Através das descrições que se faz das personagens, percebe-se um fato comum: os olhos, tão bem explorados por Machado de Assis, como nos exemplos “Olhos de cigana oblíqua e dissimulada”, “olhos de ressaca”, “olhos dorminhocos”, “olhos redondos, que me acompanham para todos os lados”. Na verdade, esses elementos físicos, muitas vezes, destacam o estado interior; tem-se um retrato íntimo das personagens. Em “olhos redondos” percebe-se uma característica física, mas, logo após, verifica-se um importante traço psicológico: “…que me acompanham para todos os lados”; que me observam, me estudam.
Quanto ao narrador, é homodiegético (aquele narrador que conta e participa da história) e, também, por se tratar do personagem principal, autodiegético. Já em relação ao narratário (o receptor do texto narrativo, a criatura ficcional ou não a quem se dirige o emissor-narrador), vê-se que é extradiegético mencionado, leitor virtual não ficcional. O personagem-narrador dialoga constantemente com os leitores: “Não me tenhas por sacrilégio, leitora minha devota, a limpeza da intenção…”, “Por outro lado, leitor amigo, nota que eu queria…”, “Sim, leitora castíssima, como diria o meu finado…”.
Percebe-se claramente a fábula, conjunto de acontecimentos ligados entre si e narrados no decorrer da obra, e a trama, constituída pelos mesmos acontecimentos da fábula, mas caracterizada mais por um procedimento estético, em que o artista revolve com os fatos, não precisando se preocupar em seguir a ordem cronológica da fábula. Em Dom Casmurro, a narrativa encontra-se “in ultimas res”, com a presença de analepses, quando o artista volta no tempo, no passado. A fábula é a história em si, a que o narrador quer nos contar, e a trama é o modo como ele nos narra a fábula; a ordem dos fatos na trama é diferente da ordem dos fatos na fábula.
Espaço:
A história se passa inicialmente em Itaguaí, onde a família de Bentinho possuía uma fazendola, alguns escravos, que foram vendidos após a morte de Pedro de Albuquerque, pai de Bentinho, quando D. Benta decidiu mudar-se para um lugar perto da Igreja onde fora sepultado.

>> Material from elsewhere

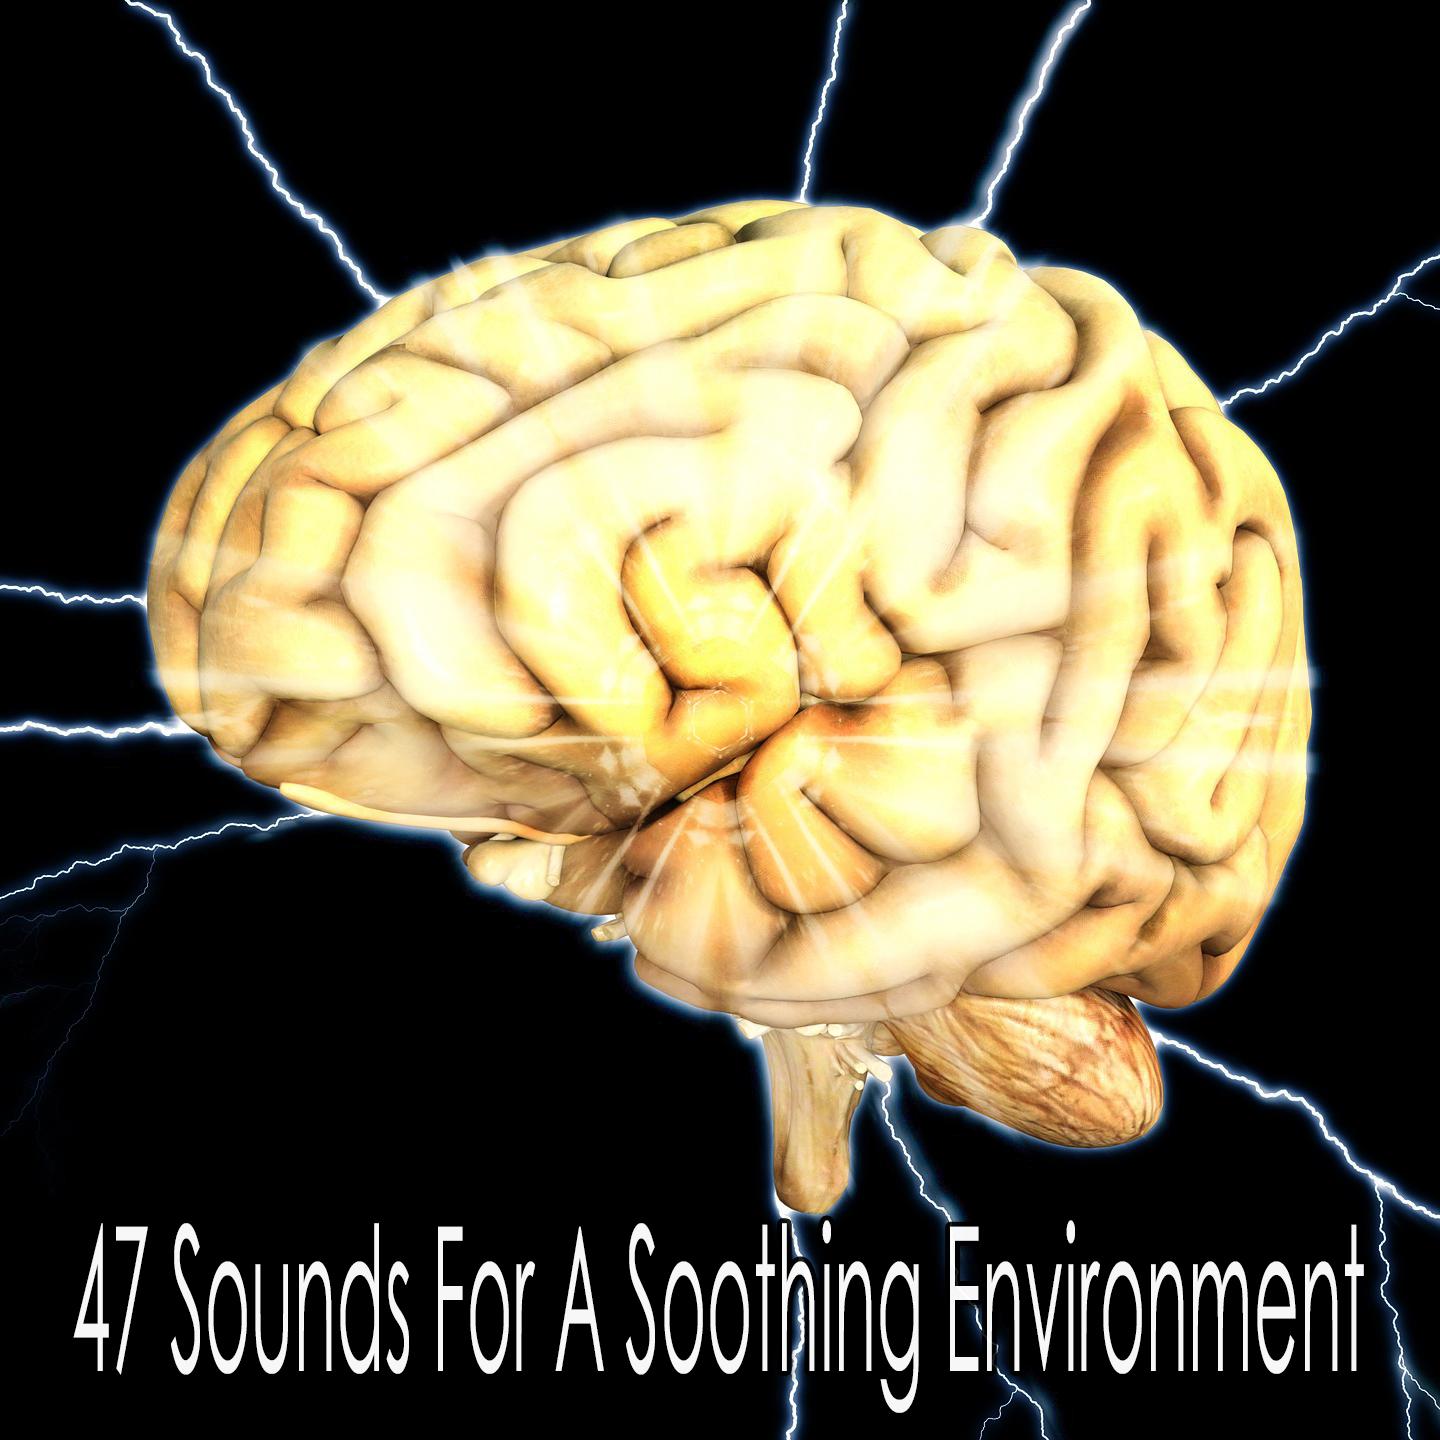 47 Sounds For A Soothing Environment
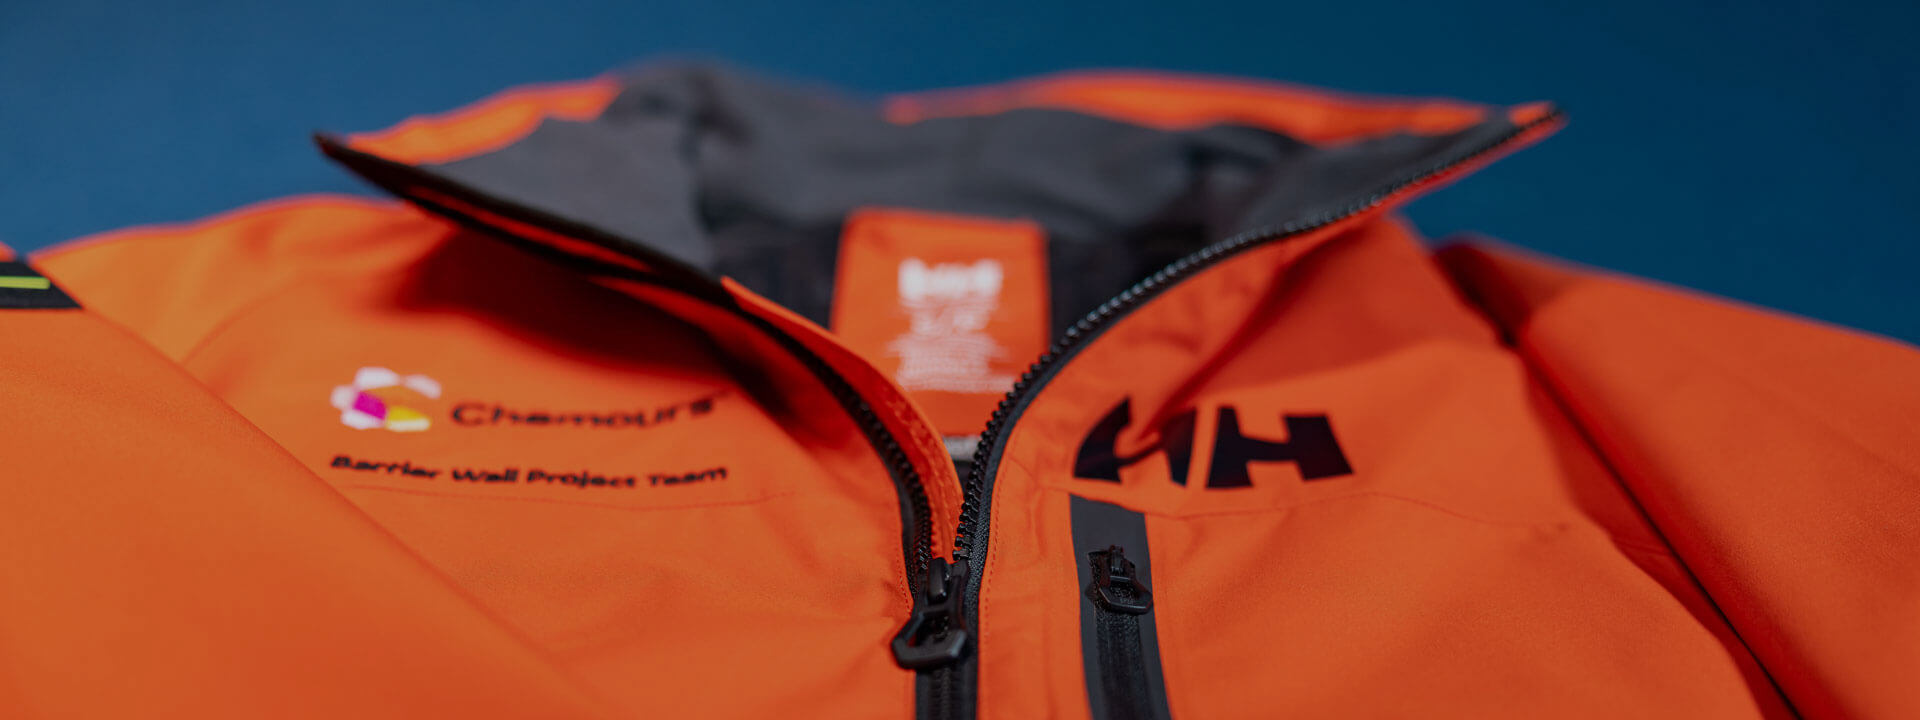 Custom Helly Hansen Jackets and Workwear. World Class Style. Explore Custom Embroidered Apparel.

“…Quando lhe morreu o marido, Pedro de Albuquerque Santiago, contava trinta e um anos de idade, e podia voltar para Itaguaí. Não quis; preferiu ficar perto da igreja em que meu pai fora sepultado. Vendeu a fazendola e os escravos, …”
Págs.: 6 e 7, Cap.: VII
Tempo:
A meu ver, é psicológico, pois ele conta fatos ocorridos durante sua vida, até o dia em que se encontra.
“Mas é tempo de tornar àquela tarde de novembro, uma tarde clara e…”
Pág.: 7 Cap.: VIII
Durante a narração, há passagens do tempo cronológico:
“No dia seguinte fui à casa da vizinha,…”
Pág.: 43 Cap.: XLII
Narrador:
Dom Casmurro está escrita em narrador personagem, representado por Bentinho.